To solve the given problem step by step, we will break it down into two parts as specified in the question.
### Part (a): Find the projection of \( \vec{BC} \) on \( \vec{AB} \)
1. **Determine the coordinates of points A, B, and C**:
- \( A(2, 3, 4) \)
- \( B(4, 3, 2) \)
- \( C(5, 2, -1) \)
2. **Find the vectors \( \vec{AB} \) and \( \vec{BC} \)**:
- \( \vec{AB} = \vec{B} - \vec{A} = (4 - 2, 3 - 3, 2 - 4) = (2, 0, -2) \)

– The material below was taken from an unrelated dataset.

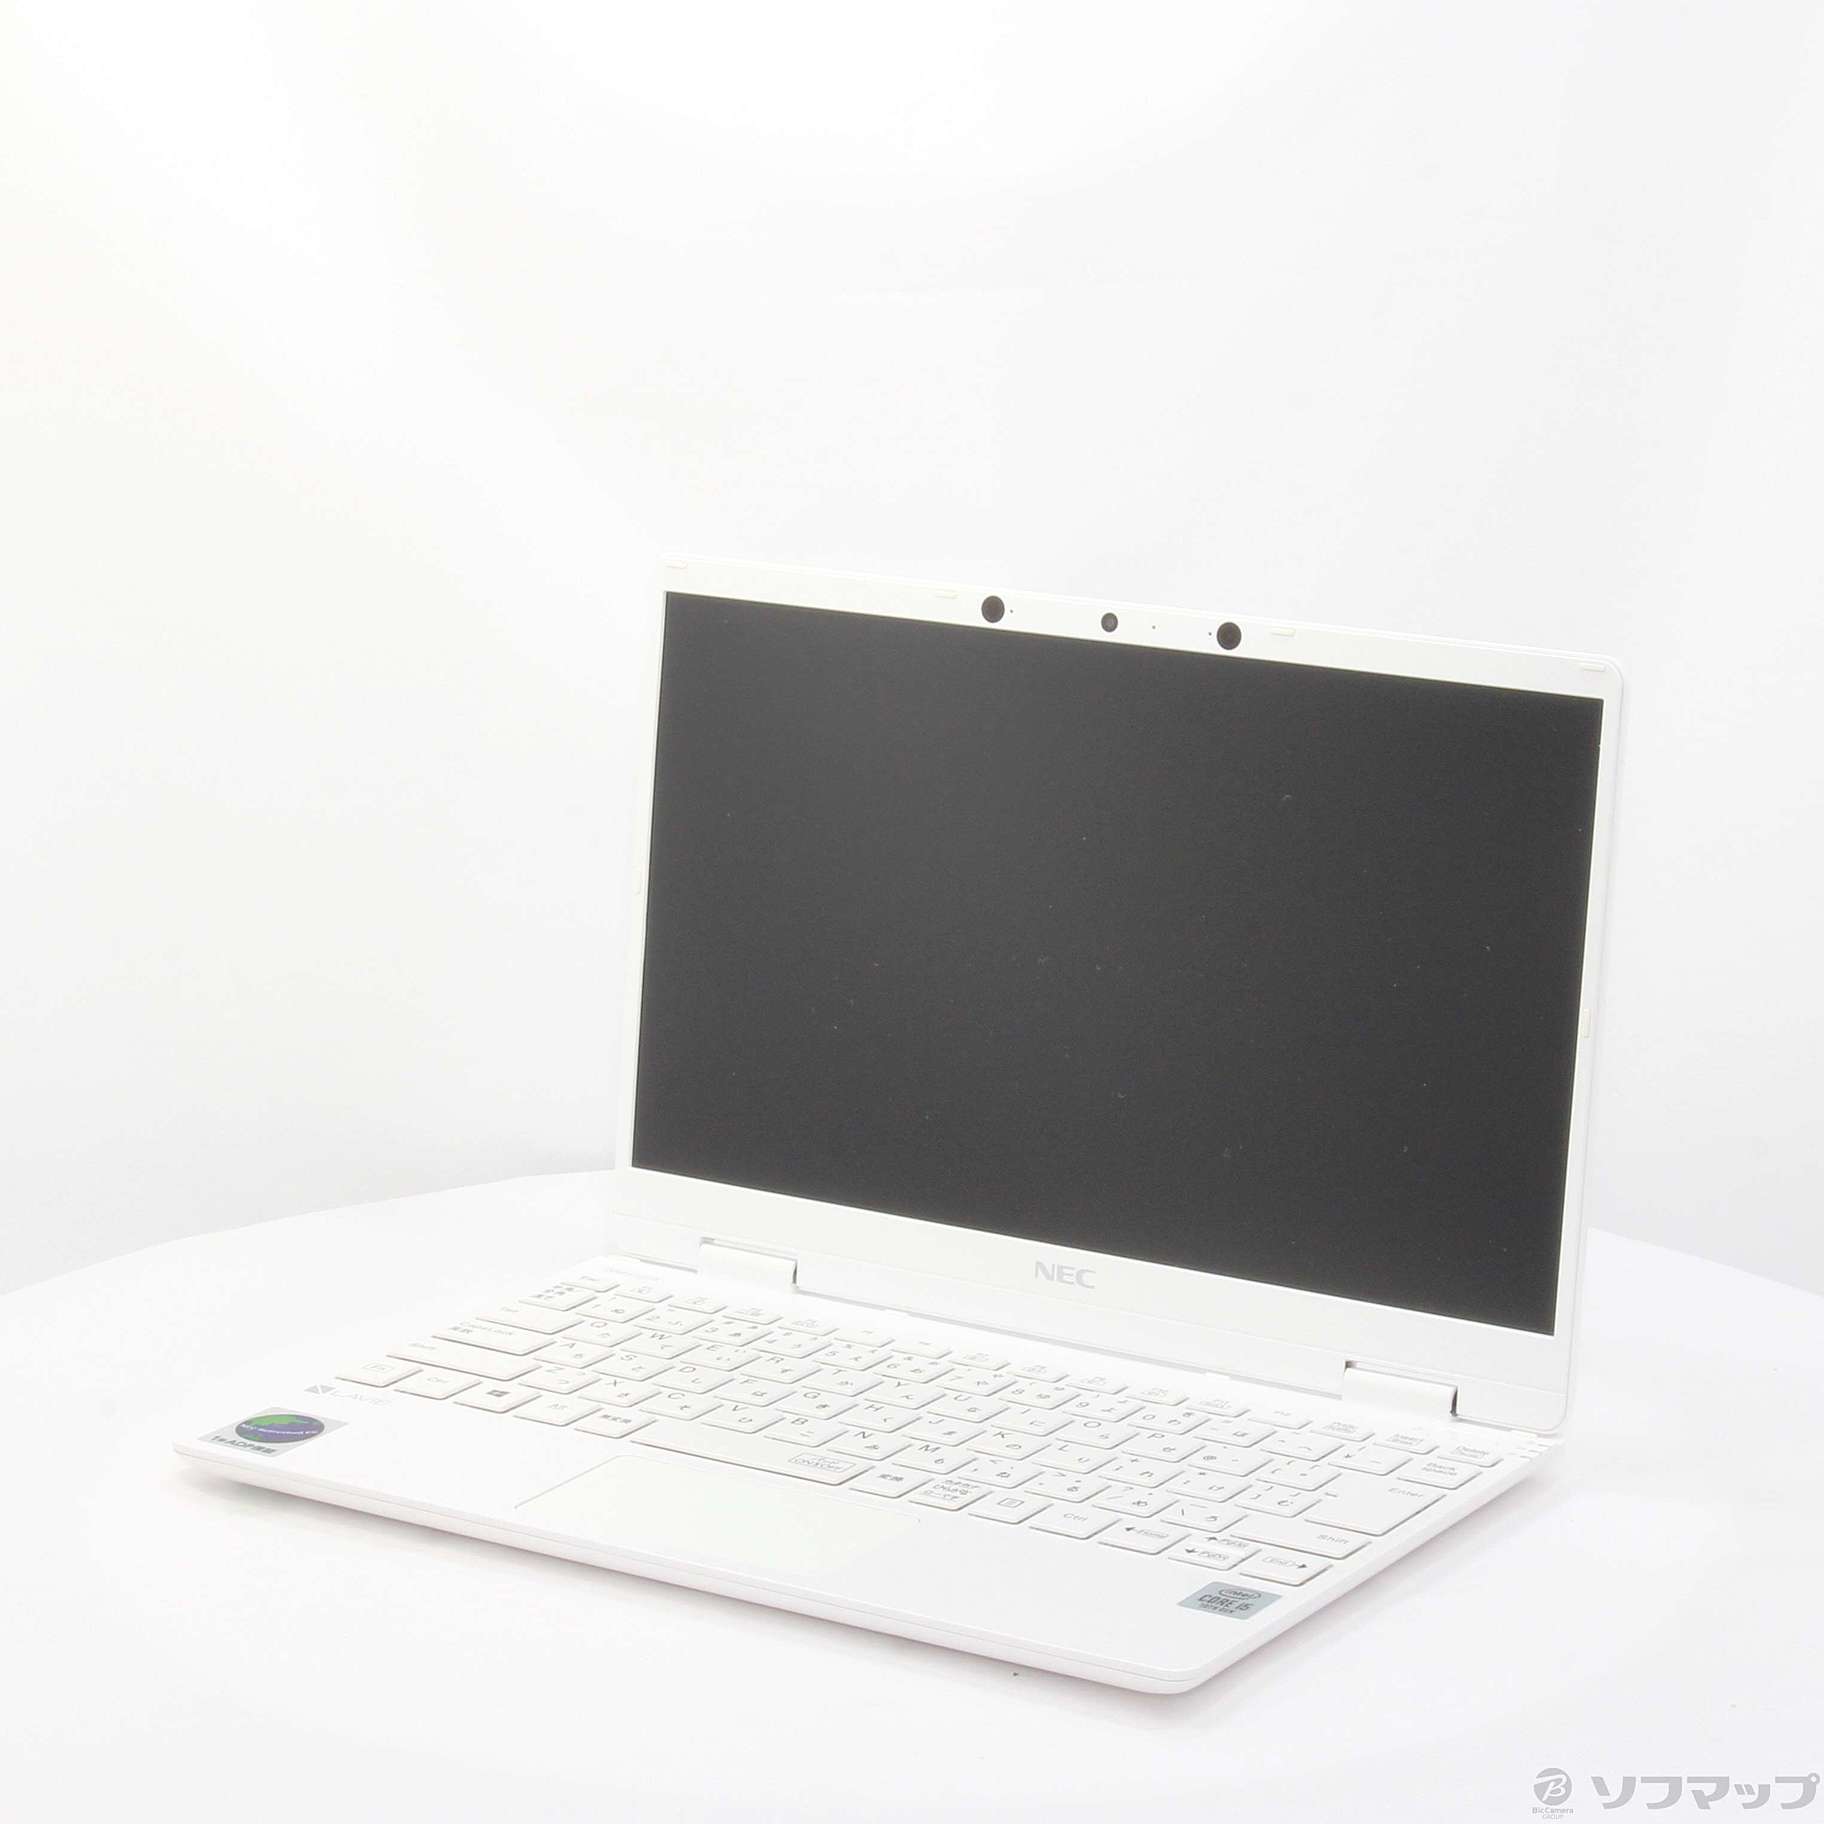 LaVie Note Mobile PC-NM550RAW パールホワイト 〔NEC Refreshed PC〕 〔Windows 10〕  ≪メーカー保証あり≫

- \( \vec{BC} = \vec{C} - \vec{B} = (5 - 4, 2 - 3, -1 - 2) = (1, -1, -3) \)
3. **Calculate the magnitude of \( \vec{AB} \)**:
\[
|\vec{AB}| = \sqrt{(2)^2 + (0)^2 + (-2)^2} = \sqrt{4 + 0 + 4} = \sqrt{8}
\]
4. **Find the dot product \( \vec{BC} \cdot \vec{AB} \)**:
\[
\vec{BC} \cdot \vec{AB} = (1)(2) + (-1)(0) + (-3)(-2) = 2 + 0 + 6 = 8
\]
5. **Calculate the projection of \( \vec{BC} \) on \( \vec{AB} \)**:
\[
\text{Projection of } \vec{BC} \text{ on } \vec{AB} = \frac{\vec{BC} \cdot \vec{AB}}{|\vec{AB}|} = \frac{8}{\sqrt{8}} = \sqrt{8}
\]
### Part (b): Find the area of triangle ABC
1. **Use the formula for the area of triangle formed by two vectors**:
\[
\text{Area} = \frac{1}{2} |\vec{AB} \times \vec{BC}|
\]
2. **Set up the determinant for the cross product \( \vec{AB} \times \vec{BC} \)**:
\[
\vec{AB} = (2, 0, -2), \quad \vec{BC} = (1, -1, -3)
\]
\[
\vec{AB} \times \vec{BC} = \begin{vmatrix}
\hat{i} & \hat{j} & \hat{k} \\
2 & 0 & -2 \\
1 & -1 & -3
\end{vmatrix}
\]
3. **Calculate the determinant**:
- Expanding the determinant:
\[
= \hat{i} \begin{vmatrix} 0 & -2 \\ -1 & -3 \end{vmatrix} - \hat{j} \begin{vmatrix} 2 & -2 \\ 1 & -3 \end{vmatrix} + \hat{k} \begin{vmatrix} 2 & 0 \\ 1 & -1 \end{vmatrix}
\]
\[
= \hat{i} (0 \cdot -3 - (-2) \cdot -1) - \hat{j} (2 \cdot -3 - (-2) \cdot 1) + \hat{k} (2 \cdot -1 - 0 \cdot 1)
\]
\[
= \hat{i} (0 - 2) - \hat{j} (-6 + 2) + \hat{k} (-2)
\]
\[
= -2\hat{i} + 4\hat{j} - 2\hat{k}
\]
4. **Find the magnitude of the cross product**:
\[
|\vec{AB} \times \vec{BC}| = \sqrt{(-2)^2 + 4^2 + (-2)^2} = \sqrt{4 + 16 + 4} = \sqrt{24} = 2\sqrt{6}
\]
5. **Calculate the area of triangle ABC**:
\[
\text{Area} = \frac{1}{2} |\vec{AB} \times \vec{BC}| = \frac{1}{2} \cdot 2\sqrt{6} = \sqrt{6}
\]
### Final Answers:
- (a) The projection of \( \vec{BC} \) on \( \vec{AB} \) is \( \sqrt{8} \).
- (b) The area of triangle ABC is \( \sqrt{6} \) square units.